Co-CEO Tan said Ping An would back any proposals by investors that “support long-term value improvements” at HSBC.
So far, there have been no institutional shareholders who have backed Ping An’s call, at least publicly, to break up HSBC.
A lack of a clear rationale and challenges to get other shareholders on board is preventing Ping An’s proposal from being considered seriously by the market, said one Hong Kong-based financial analyst.
Hong Kong-traded shares of Ping An closed 2.6% higher on Wednesday after its first-half profit exceeded expectations. HSBC’s shares dipped 1%.
LONG-TERM HIT
HSBC has said a break-up would mean a potential long-term hit to the bank’s credit rating, tax bill and operating costs, and bring immediate risks in executing any spinoff or merger.

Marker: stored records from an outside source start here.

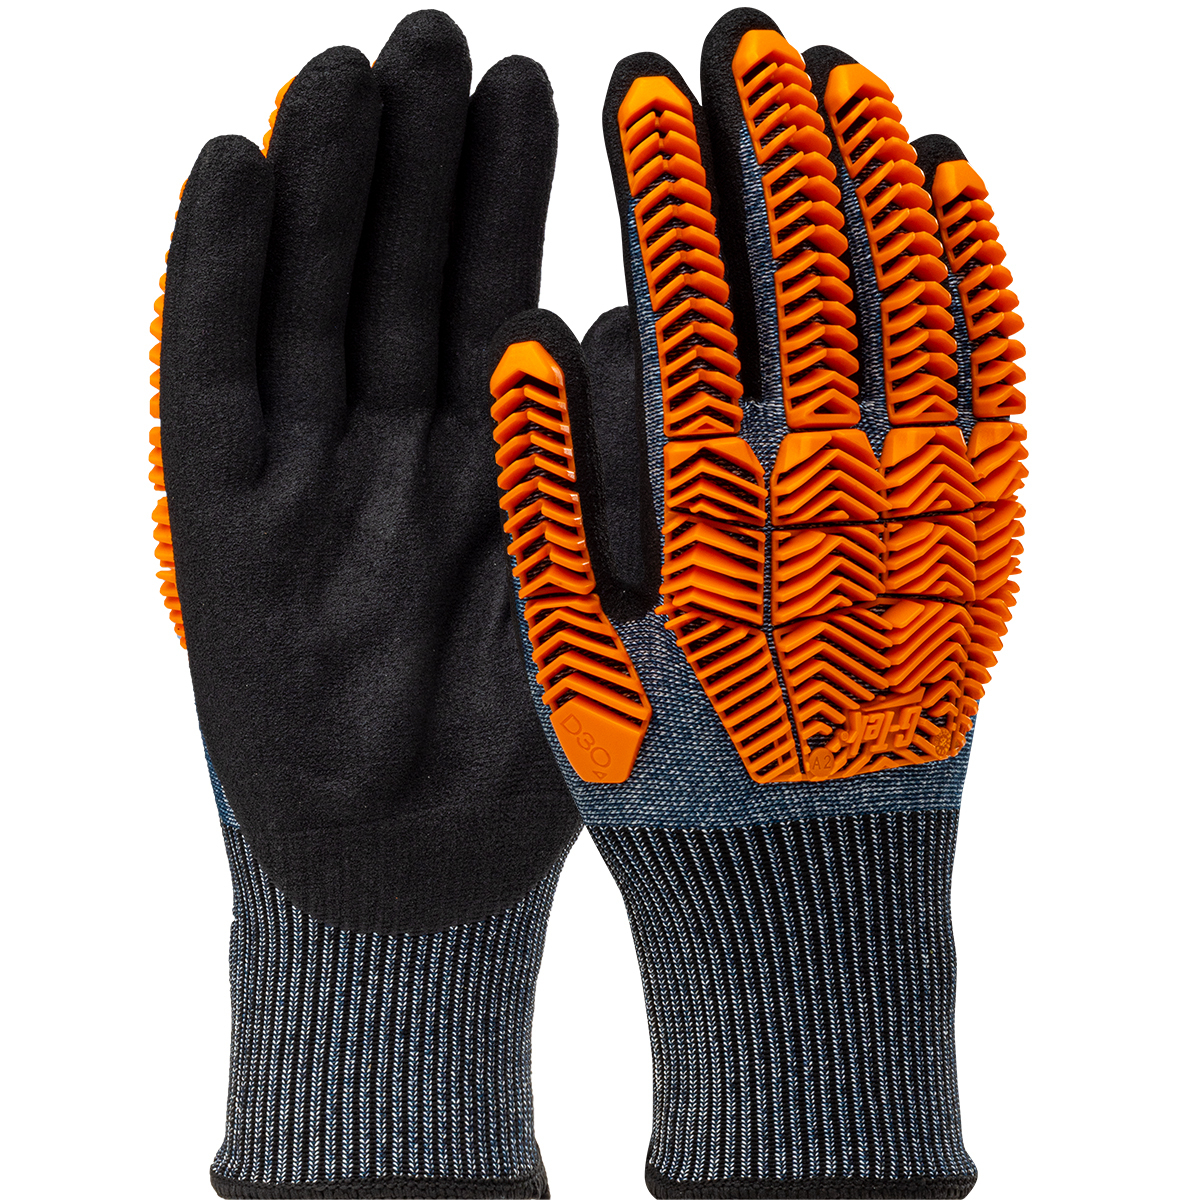 G-TEK POLYKOR D3O IMPACT GLOVE - Dorsal Impact Gloves
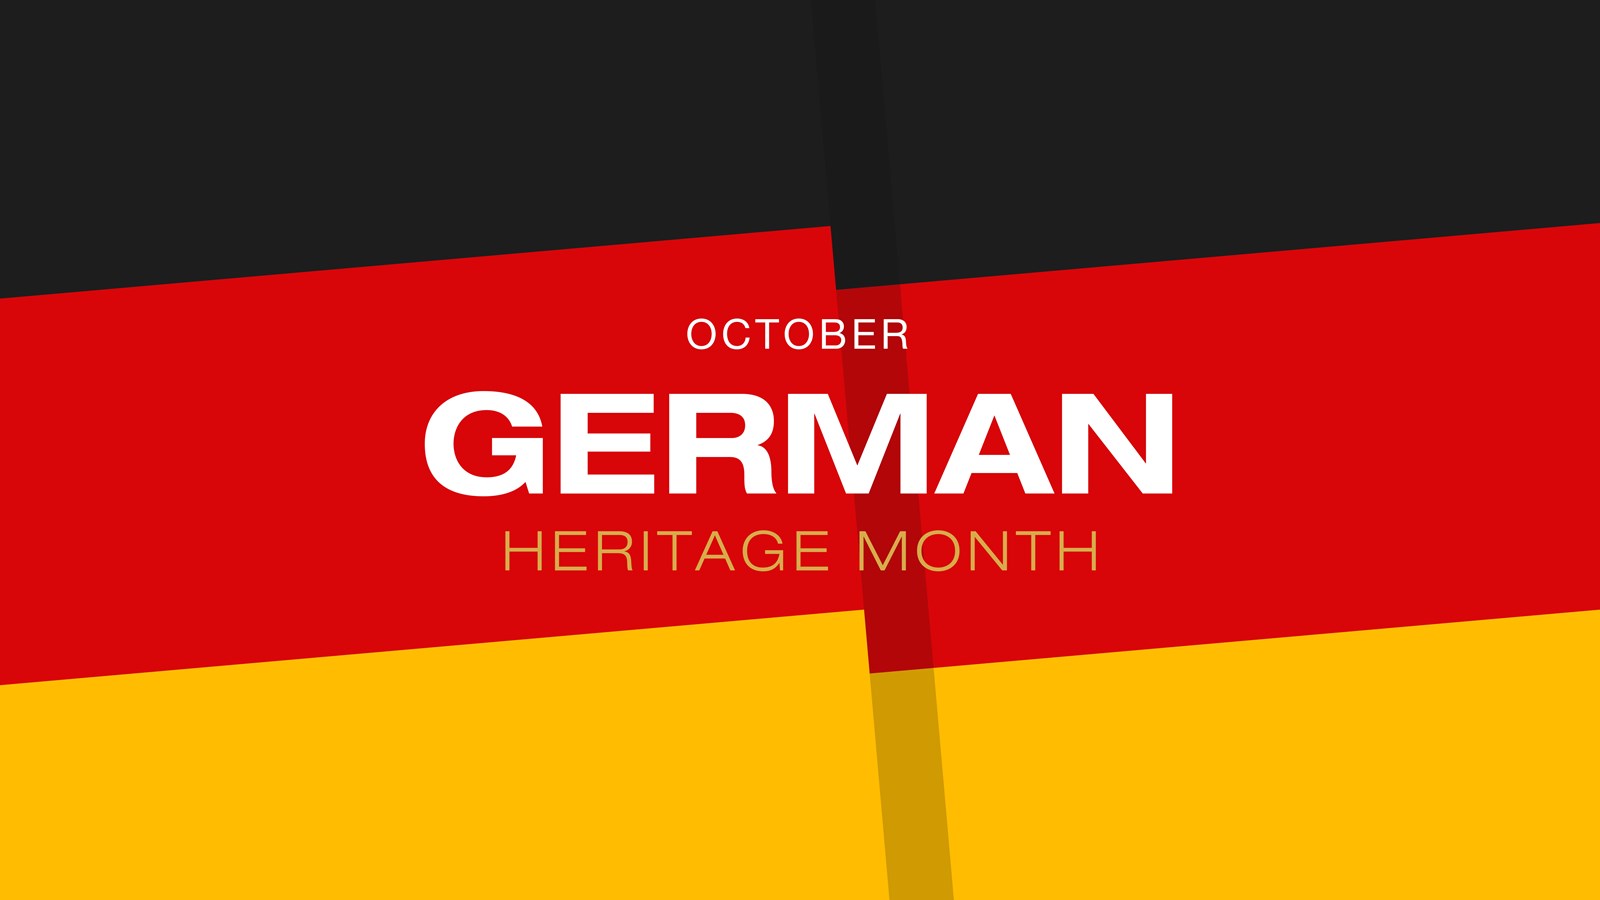 German Heritage Month October
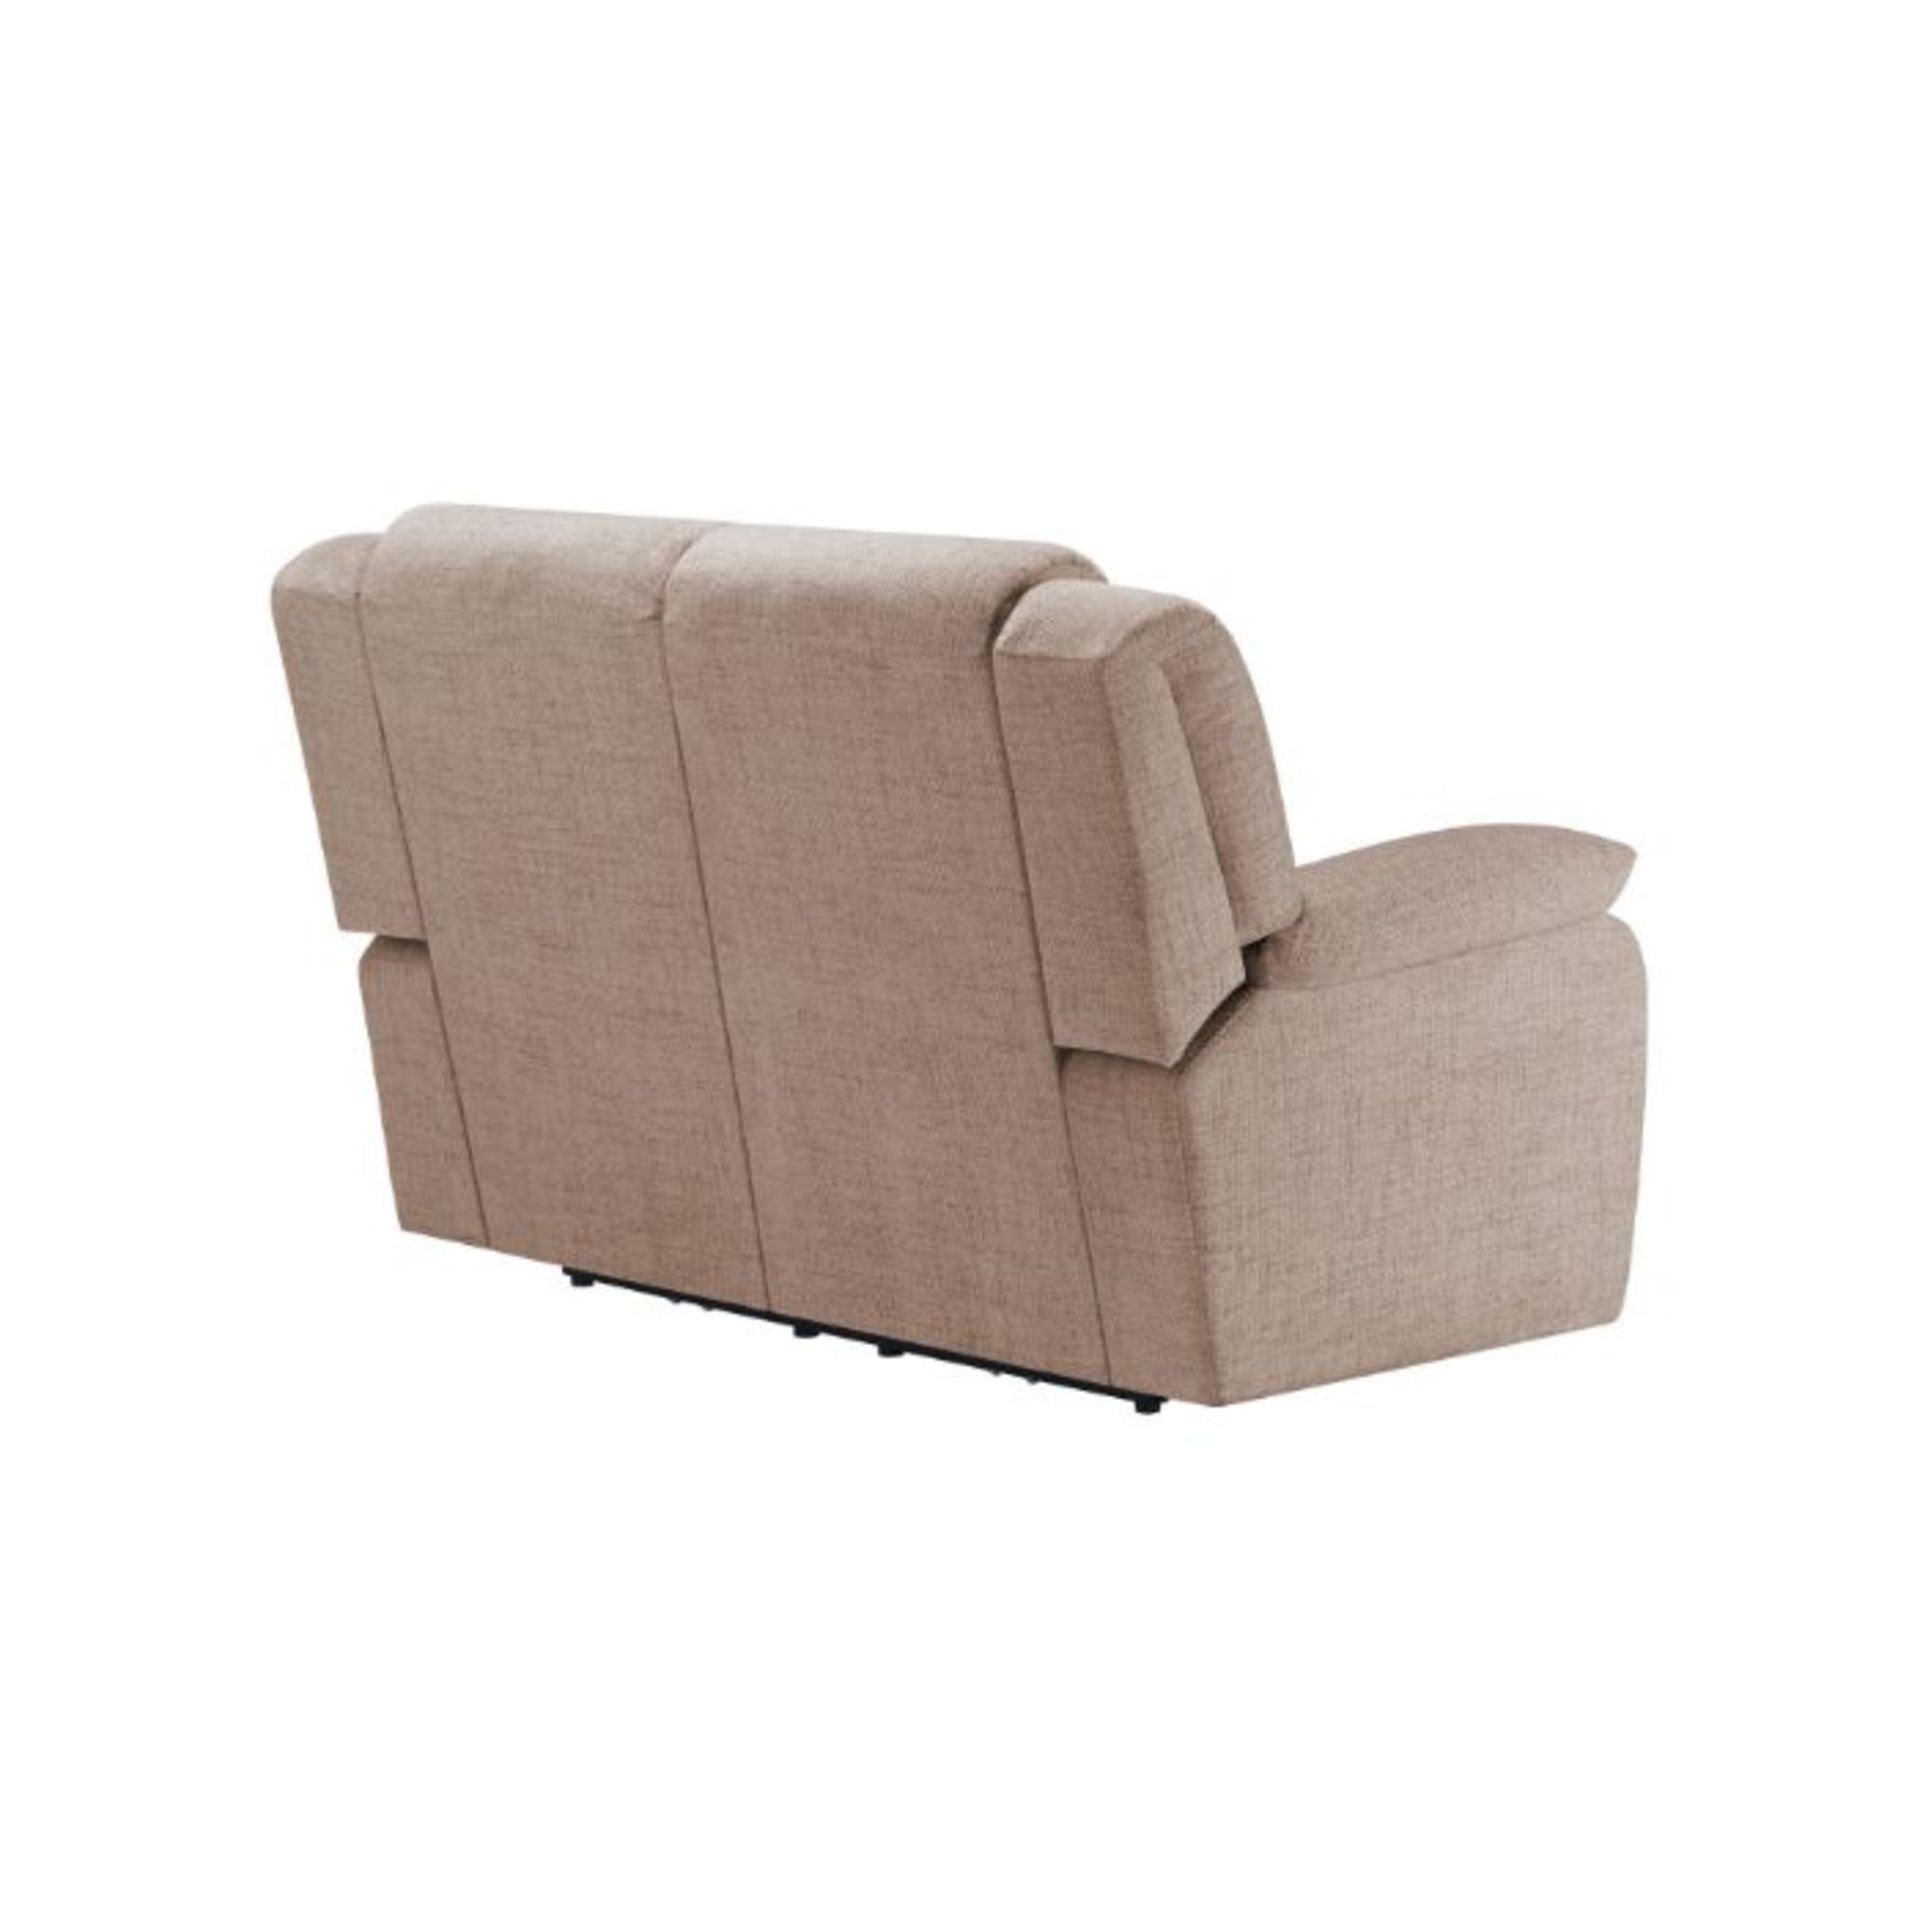 Oak Furnitureland Marlow 3 Seater Sofa In Dorset Beige Fabric RRP ?949.99 Our Marlow range is - Image 3 of 5
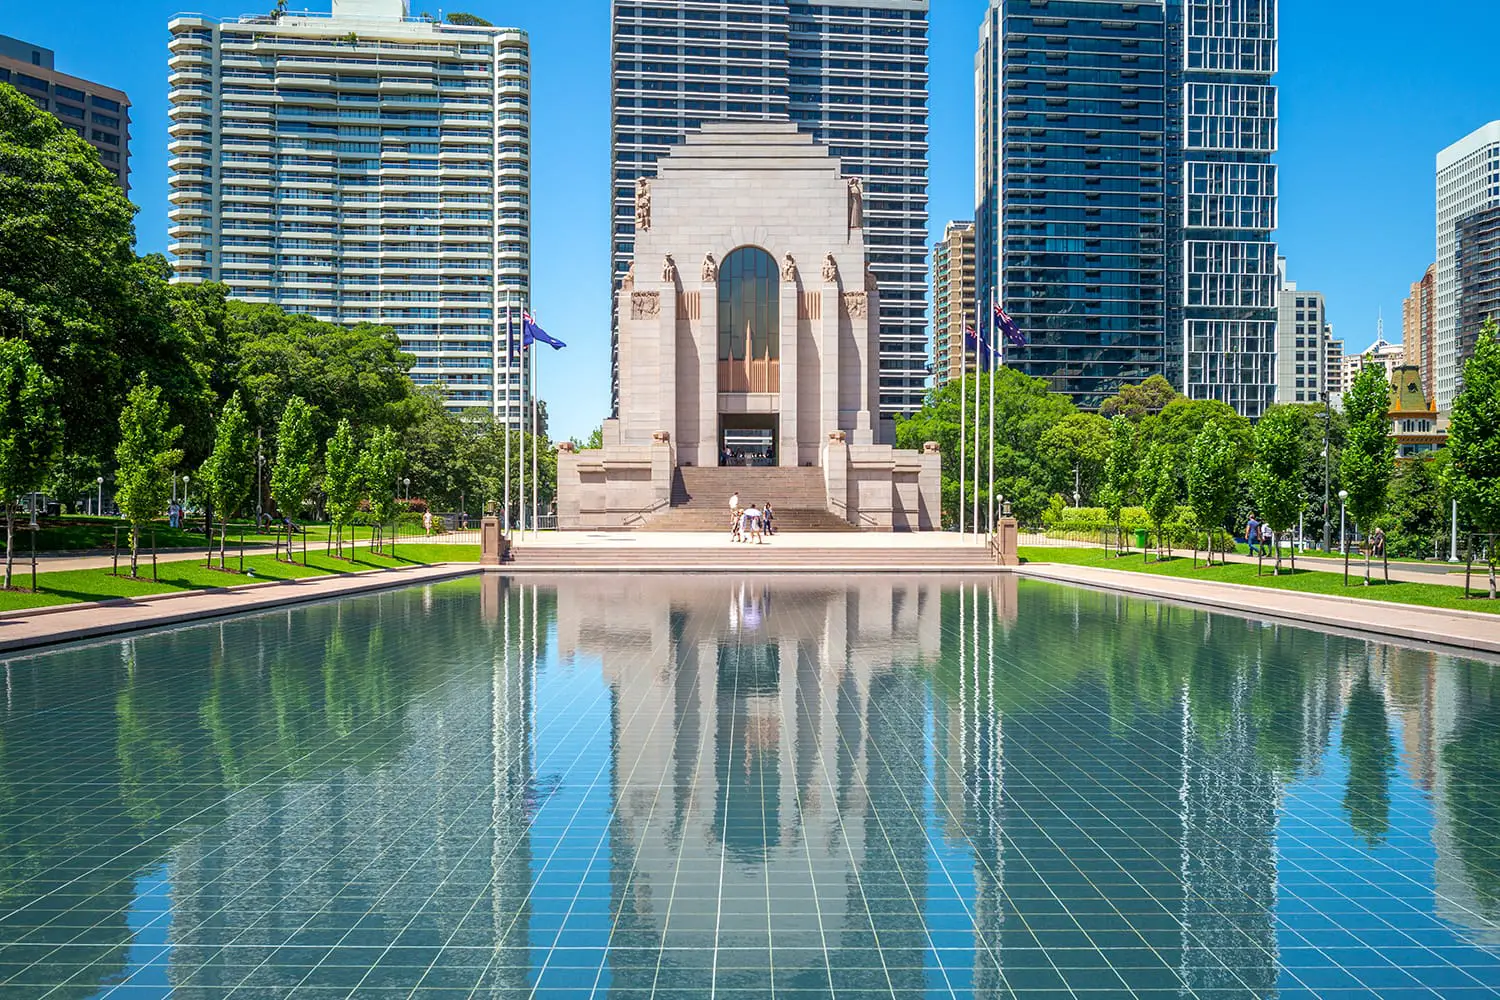 ANZAC War Memorial in Sydney, Australia

A source has said Ping An was of the view that HSBC was overstating the risks of a potential spinoff, and such a step would generate an extra $25 billion to $35 billion in market value..
The Chinese insurer’s holdings in HSBC took a hit from the bank’s weak performance in recent years. HSBC’s Hong Kong shares have fallen by 42% from their five-year peak in 2018, with a suspension in dividend payment two years ago dragging on Ping An’s investment income.